62 former employees of Dick’s Sporting Goods and their Field and Stream subsidiary did have the courage of their convictions. After Dick’s CEO Ed Stack not only changed the company’s policy on selling modern sporting rifles and raised the purchase age to 21 for all firearms but fully bought into the gun control agenda, these 62 resigned their jobs.

From the Pittsburgh Business Times:

According to CEO Ed Stack, 62 employees quit working for Dick’s Sporting Goods over the retailer’s decision to stop selling assault-style weapons, announced in February….



“We anticipated that there would be some people that would leave. We’ve got 40,0000 employees, and 2,500, or 2,6000 (sic) people working at our corporate headquarters,” said Stack, of the Findlay-based company. “We’re a cross-section of the country. We knew people would be upset.”

His comments came in a Wall Street Journal CEO Council interview. An excerpt of that interview is below.

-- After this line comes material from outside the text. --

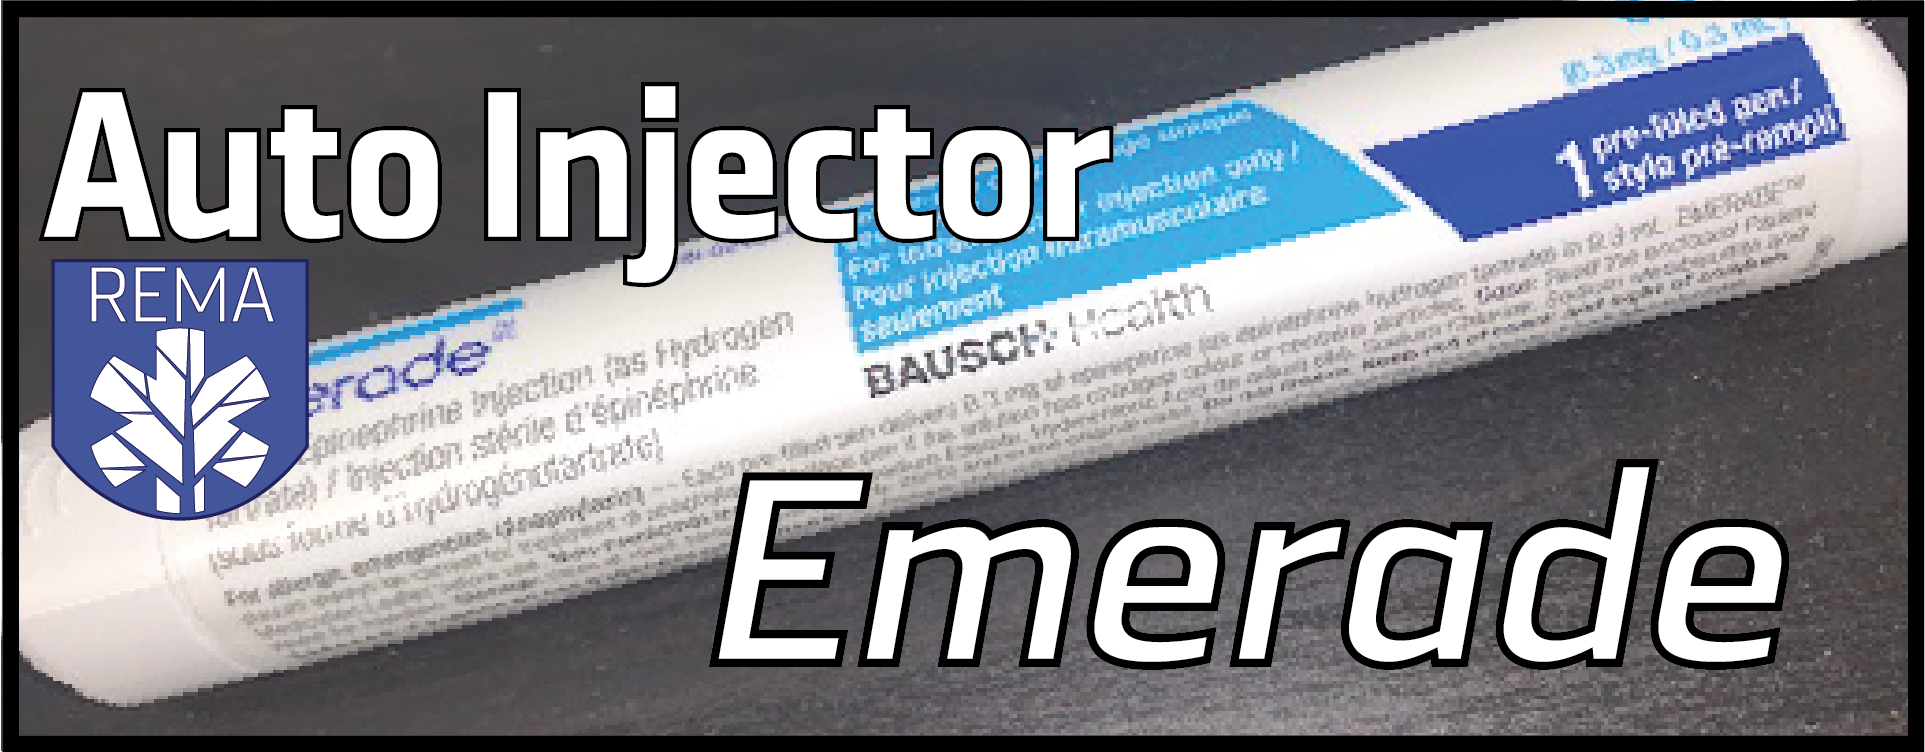 Emerade Training: Epi - Auto Injector

Stack says it is OK to have differing views and he is correct. However, it is one thing to have differing views on whether the Steelers or the Eagles are the better team and a whole another thing to have differing views on working to suppress a right enumerated in the Bill of Rights.

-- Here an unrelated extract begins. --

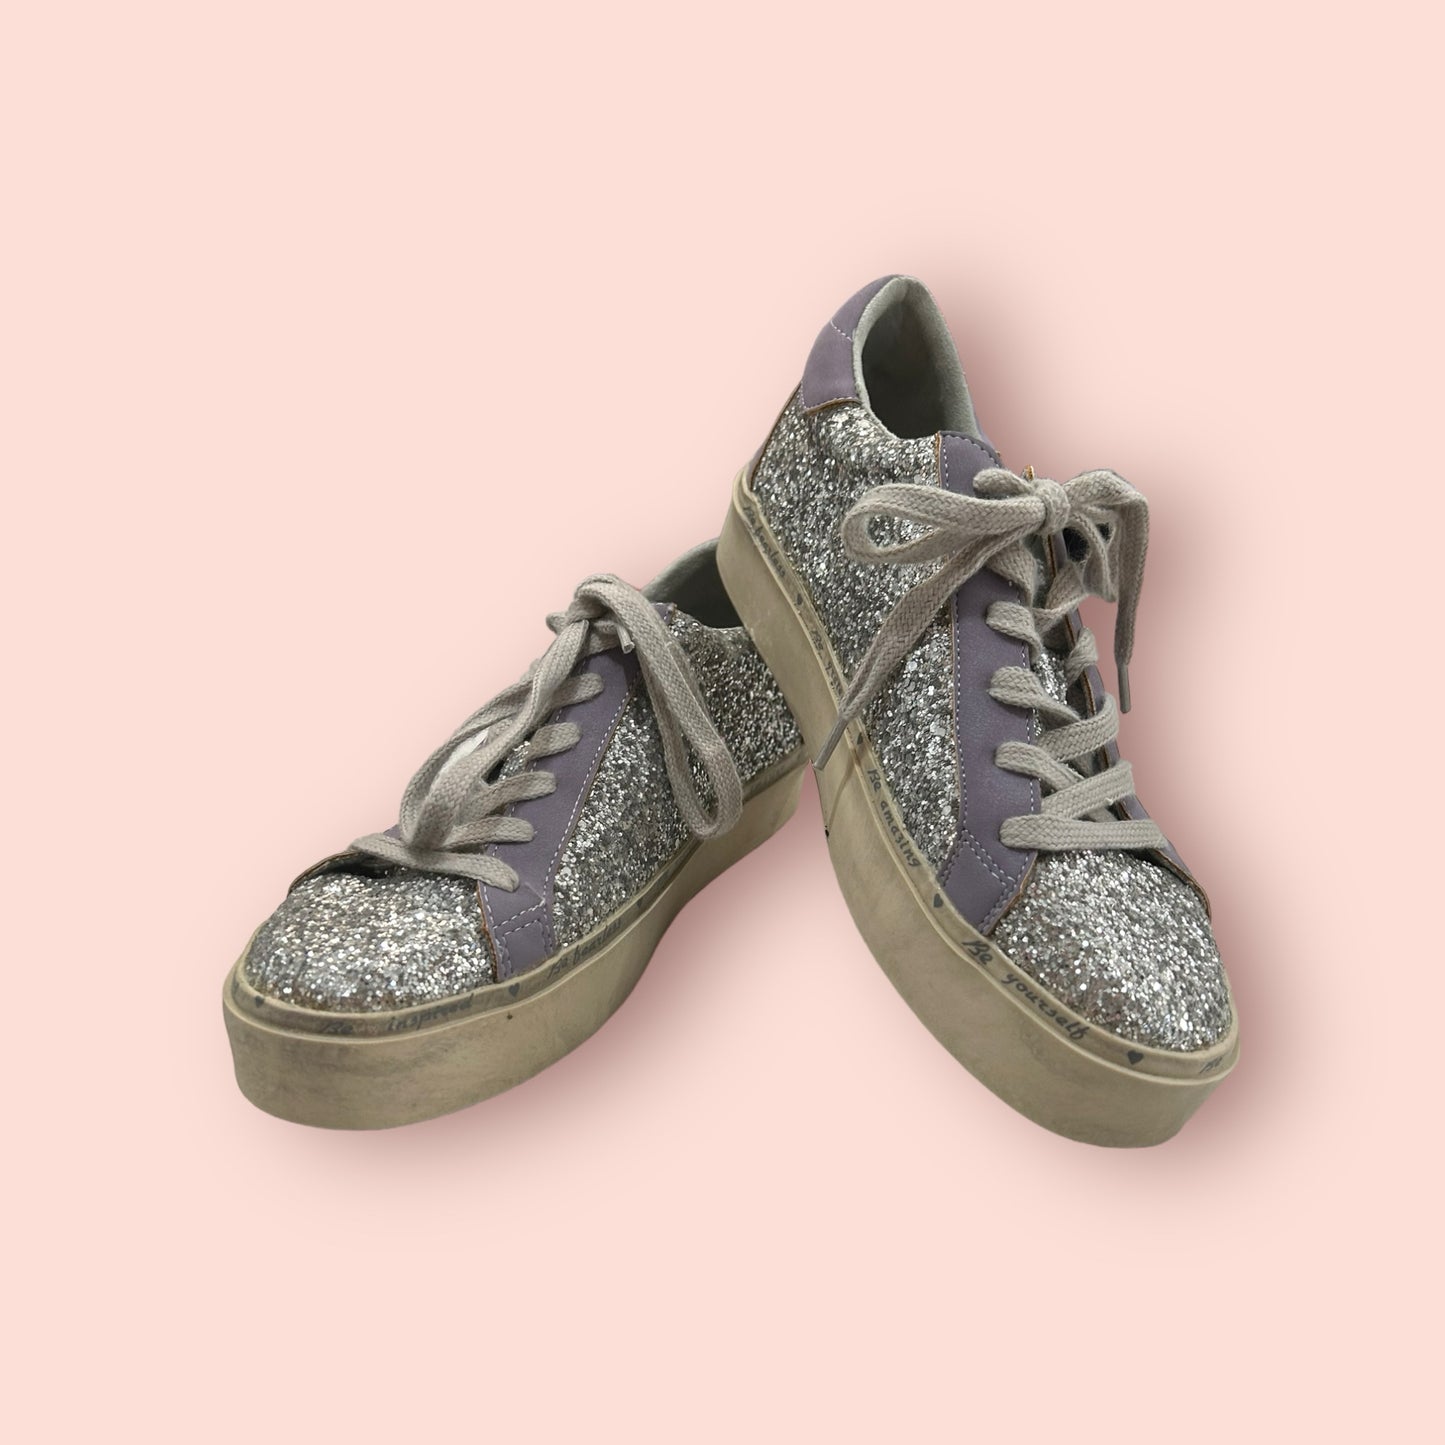 Shu Shop Size 8 Good Lavender Sneakers

What Stack did not say was who they were and what jobs they held. Some, like the clerk he mentioned, probably held low level jobs. Other I’m guessing held higher positions. While I don’t have any confirmation of it, I wouldn’t be surprised to learn that Jack Barnes who is the new VP for Commercial Sales for Sig Sauer was one of those 62. He had developed and implemented the concept of the Field and Stream stores for Dick’s.

These 62 former employees put skin in the game and stood for the Constitution when the head of the company they worked for decided it was politically expedient to trash it. They are to be applauded. If I owned a company in the firearms industry I’d be looking for these 62 as they would be the kind of employees I’d want.